Thanks Renee, she is the keeper of my heart, the love of my life!...but don't tell her little sister that!



> Looks like a good start!!
> 
> Good luck, keep the photos coming...


Thanks eyespyer, I'll post more pictures on my album later!


----------



## Jay3 (May 4, 2008)

Well, judging by the work you've gotten done, I'd say that you aren't all that not handy. It looks good. And yes, your little girl is adorable. Nice that you have a helper. You're doing a good job. Please keep the pictures coming. I just love seeing peoples lofts going up.


----------



## maine123 (Sep 21, 2007)

Jay3 said:


> Well, judging by the work you've gotten done, I'd say that you aren't all that not handy. It looks good. And yes, your little girl is adorable. Nice that you have a helper. You're doing a good job. Please keep the pictures coming. I just love seeing peoples lofts going up.

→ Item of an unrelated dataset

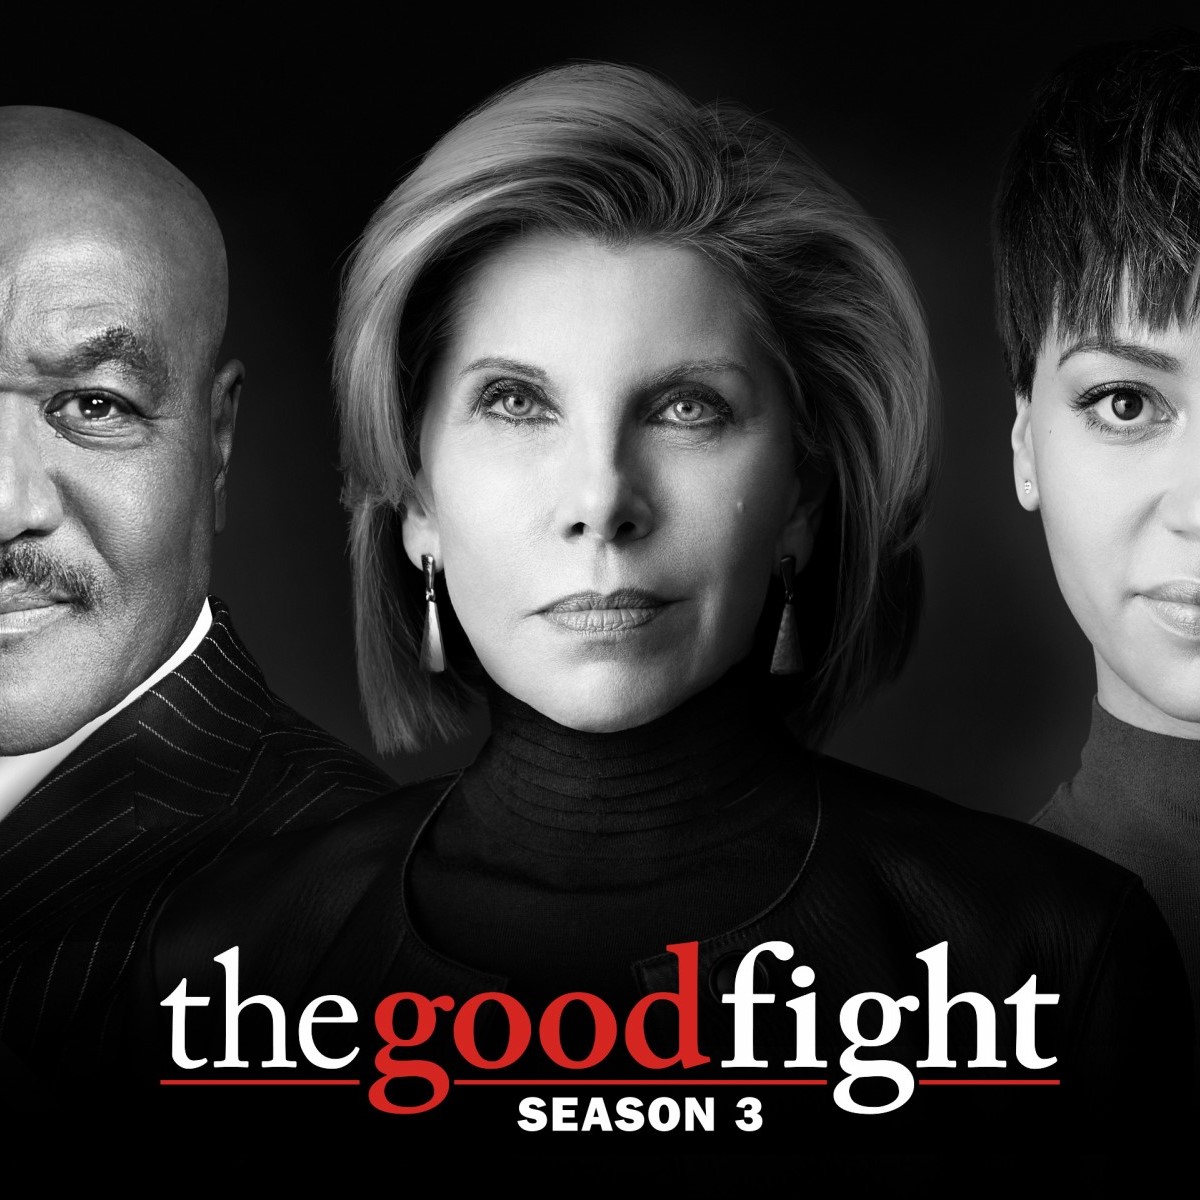 The Good Fight television series

yeah, keep the pics coming, its lookin real good.


----------



## RodSD (Oct 24, 2008)

Nice start. At least your co-worker(cute!) is taking safety issue wearing a "hat." Pets are pretty good for growing kids.


----------



## Guest (Jan 19, 2009)

including the younger generation is what its all about  if only my son felt the same as I do lol


----------



## g0ldenb0y55 (Dec 23, 2008)

Jay3 said:


> Well, judging by the work you've gotten done, I'd say that you aren't all that not handy. It looks good. And yes, your little girl is adorable. Nice that you have a helper. You're doing a good job. Please keep the pictures coming. I just love seeing peoples lofts going up.

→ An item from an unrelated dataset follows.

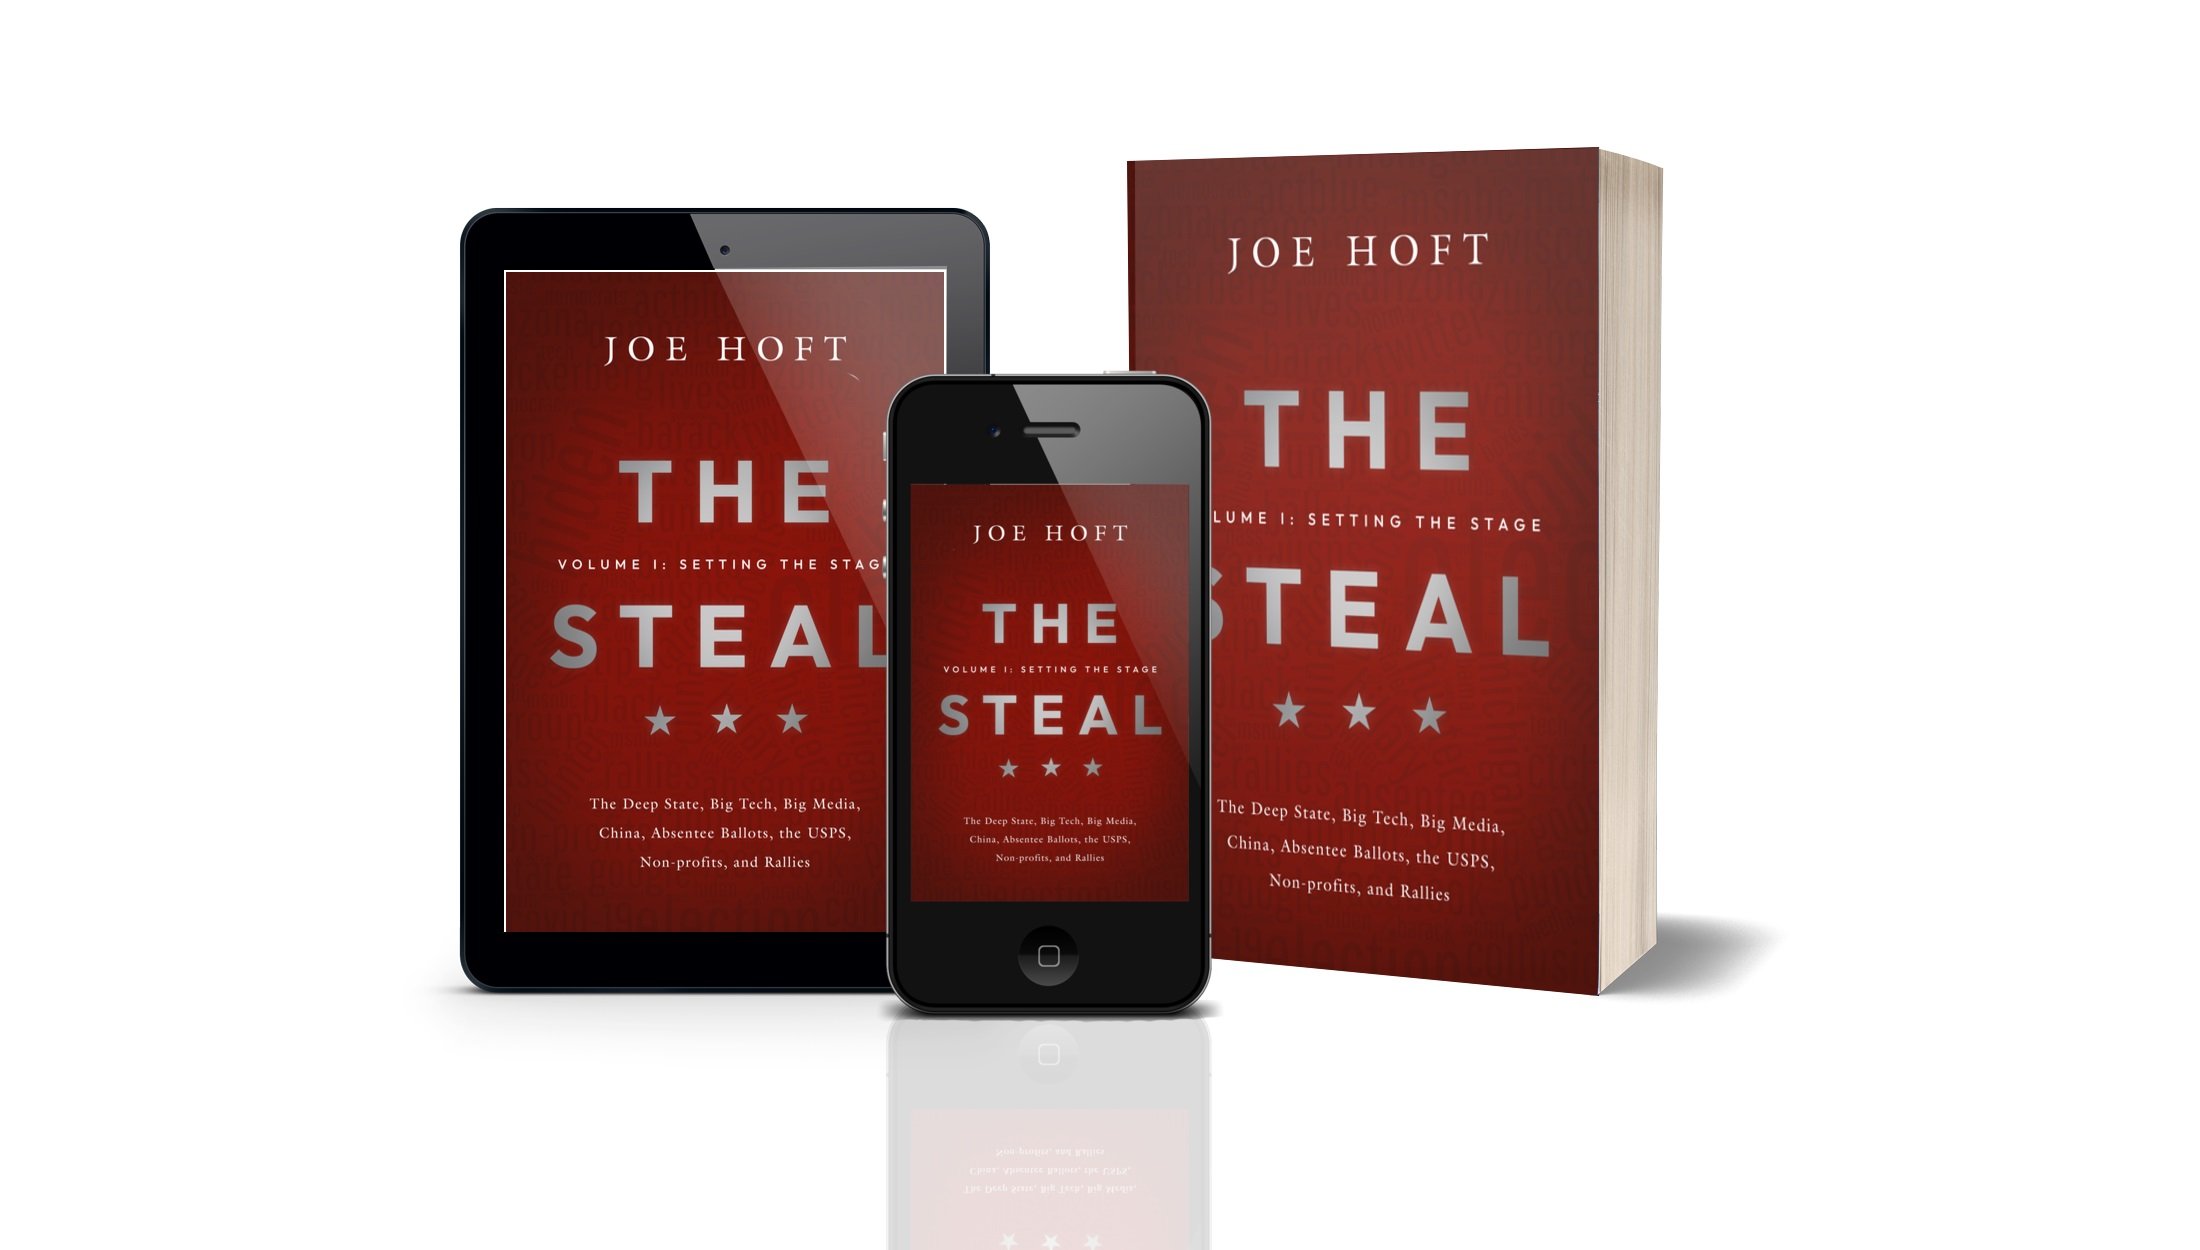 “The Steal – Volume I: Setting the Stage” Reaches Number One in Multiple Amazon Categories

Thanks Jay, Having a great time with the build! I still have all my fingers so I think everything is going good. I'll definitely keep everyone updated.



> Nice start. At least your co-worker(cute!) is taking safety issue wearing a "hat." Pets are pretty good for growing kids.


Thanks Rod, yeah, my daughter loves the hat that her mommy got her and I agree that pets are great for kids, I've had pets thoughout my childhood and will continue to have them with my kids. I remember being around my uncles pigeons in the philippines and that stuck with me till now.



> including the younger generation is what its all about if only my son felt the same as I do lol


All I want is that my girls remember how fun it was for them to have pigeons as kids! If they decide to have some as adults I will be right there to help them along...tool belt and all!


----------



## g0ldenb0y55 (Dec 23, 2008)

Here are some new pictures of todays progress...enjoy.

http://www.pigeons.biz/forums/album.php?albumid=424


----------



## TAWhatley (Mar 6, 2001)

g0ldenb0y55 said:


> Here are some new pictures of todays progress...enjoy.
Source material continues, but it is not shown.